- RECORDED DATA:
[Start of Attachment]

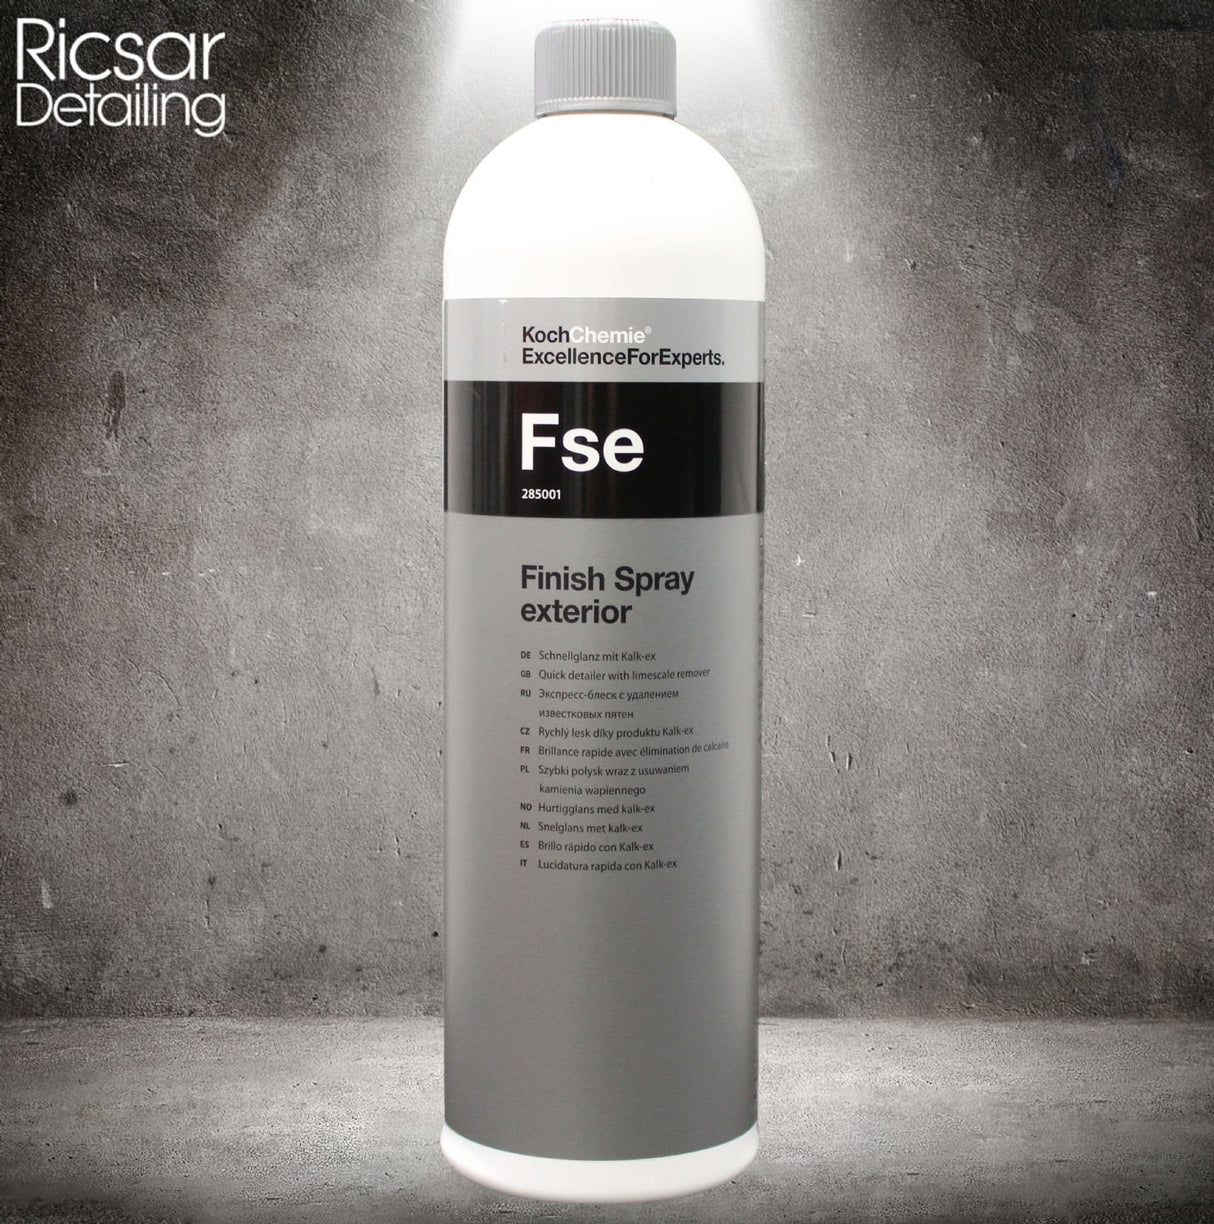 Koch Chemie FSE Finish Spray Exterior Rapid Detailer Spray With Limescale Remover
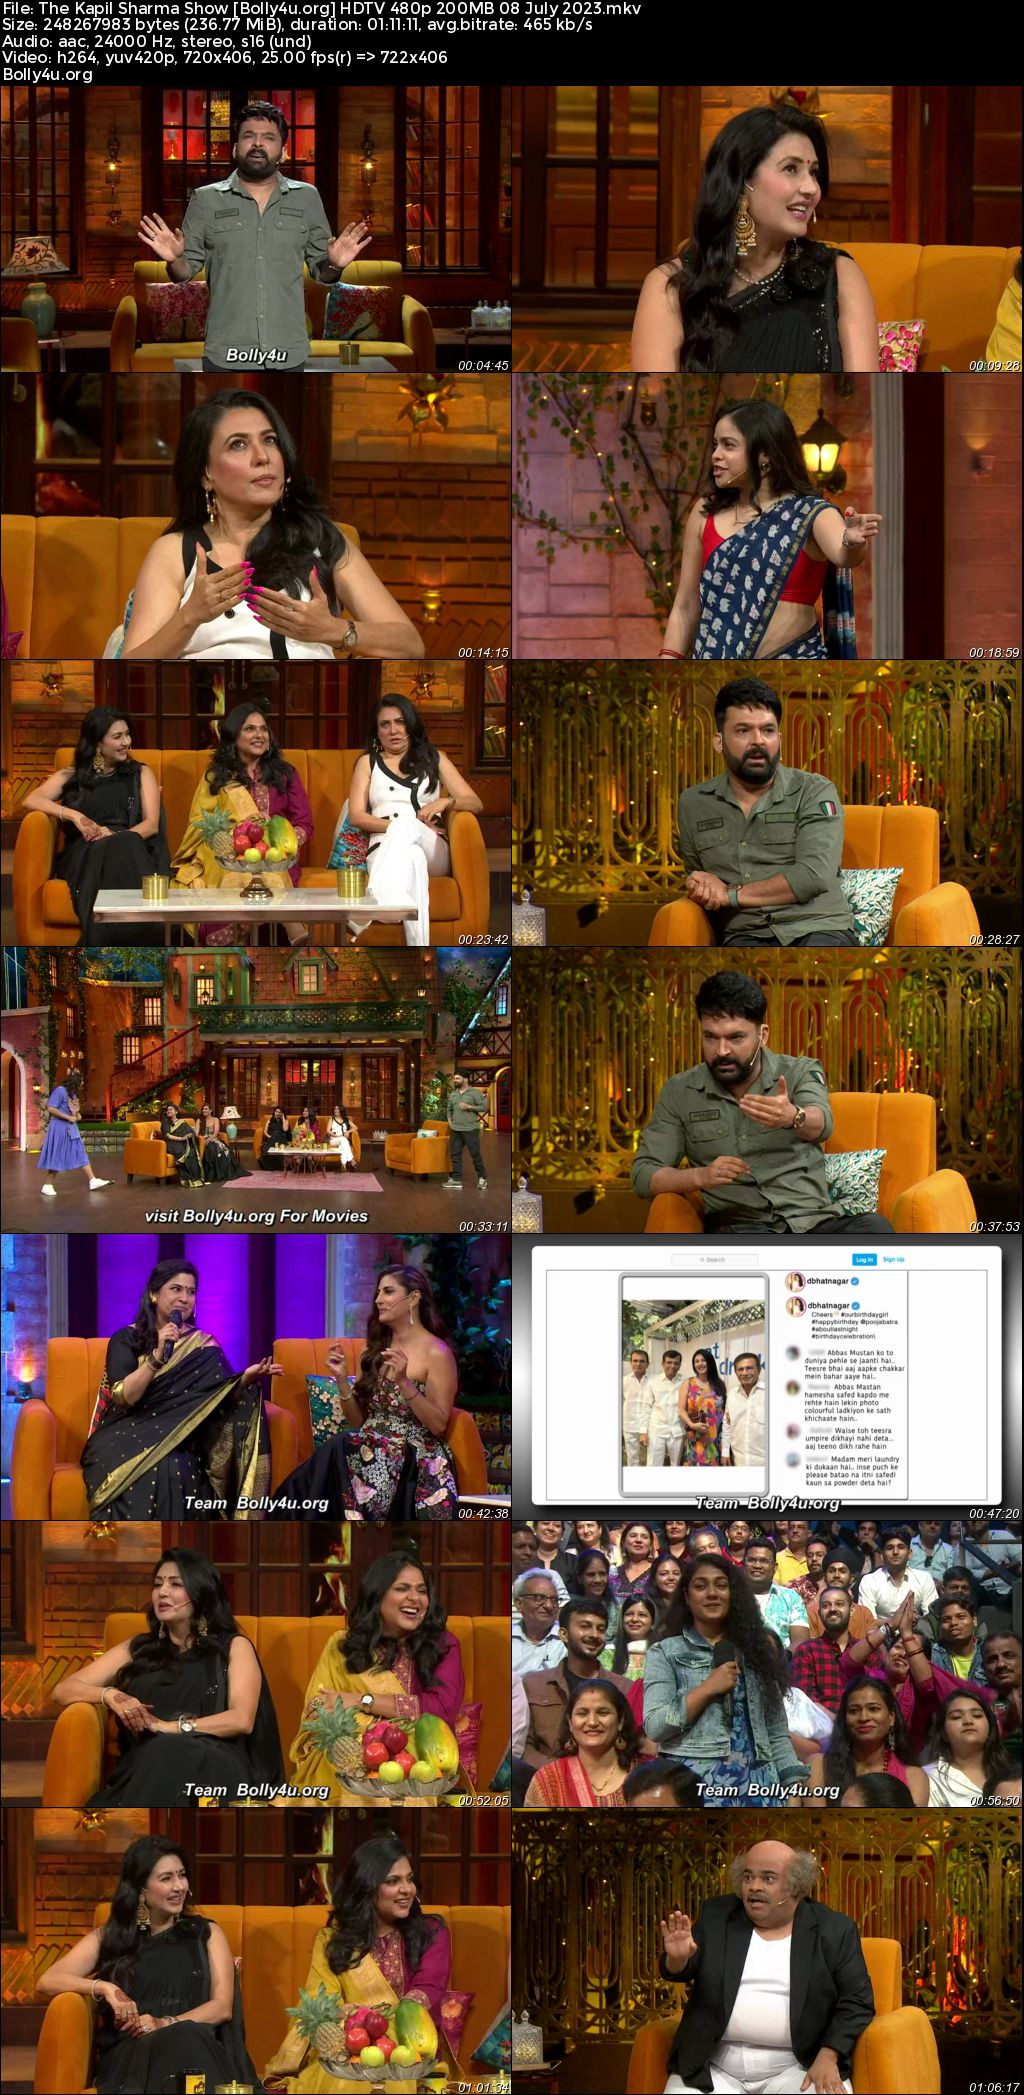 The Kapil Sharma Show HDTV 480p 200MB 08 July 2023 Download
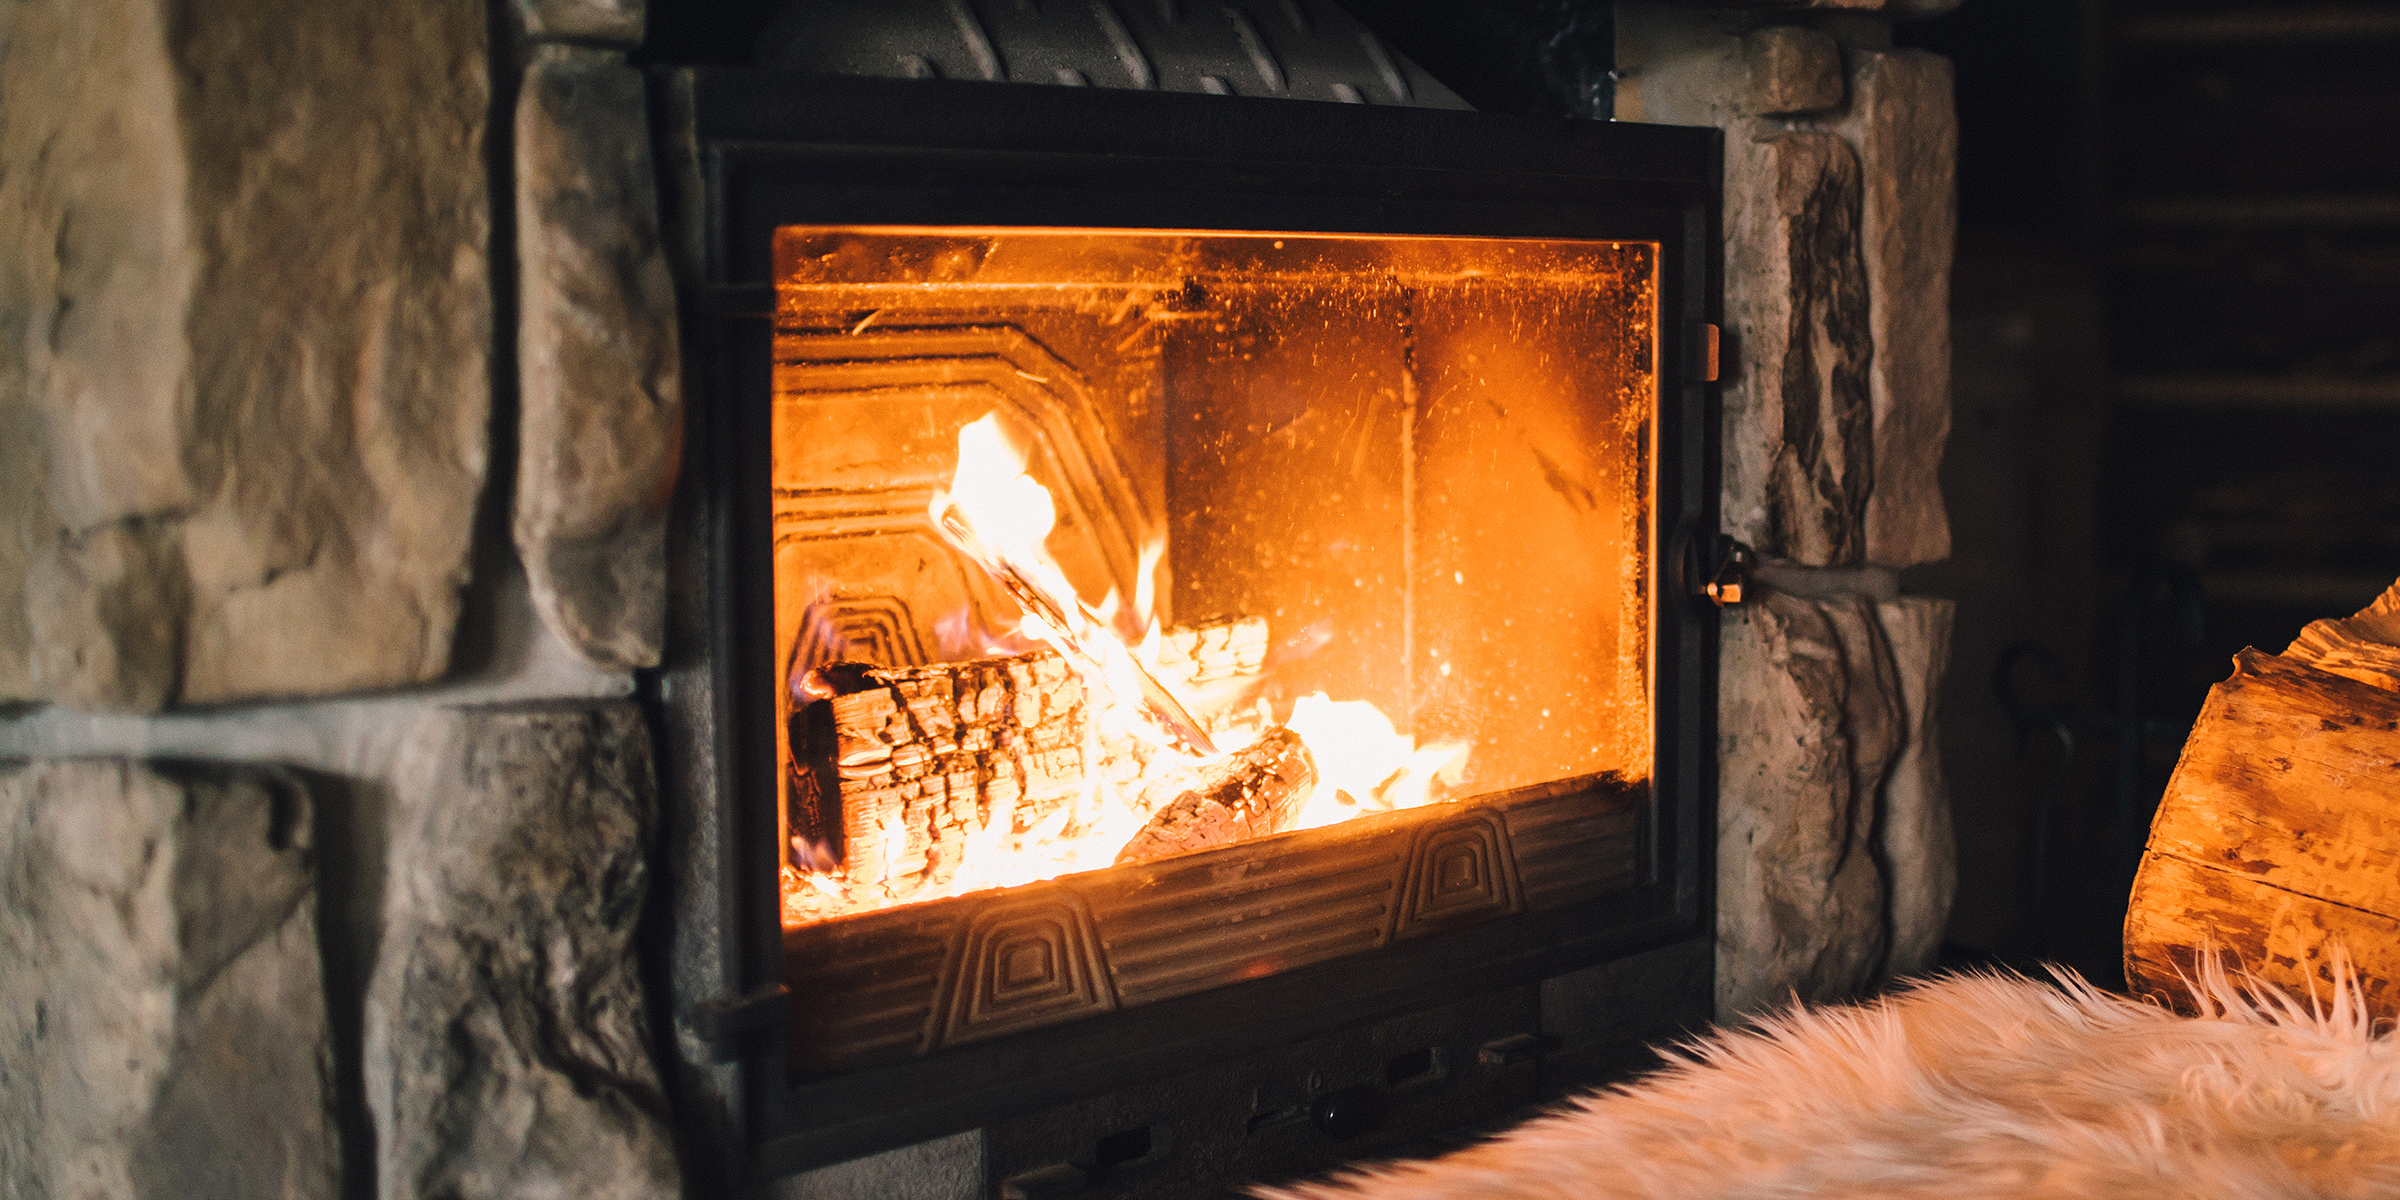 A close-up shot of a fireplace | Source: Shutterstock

[End of Attachment]

- WORK TO BE COMPLETED:
Copy out, with no pictures, the lines from the one containing "The Kapil Sharma" through the last line of the data above, both ends included and each word unchanged.

- TASK RESPONSE:
 The Kapil Sharma Show HDTV 480p 200MB 08 July 2023 Download
 A close-up shot of a fireplace | Source: Shutterstock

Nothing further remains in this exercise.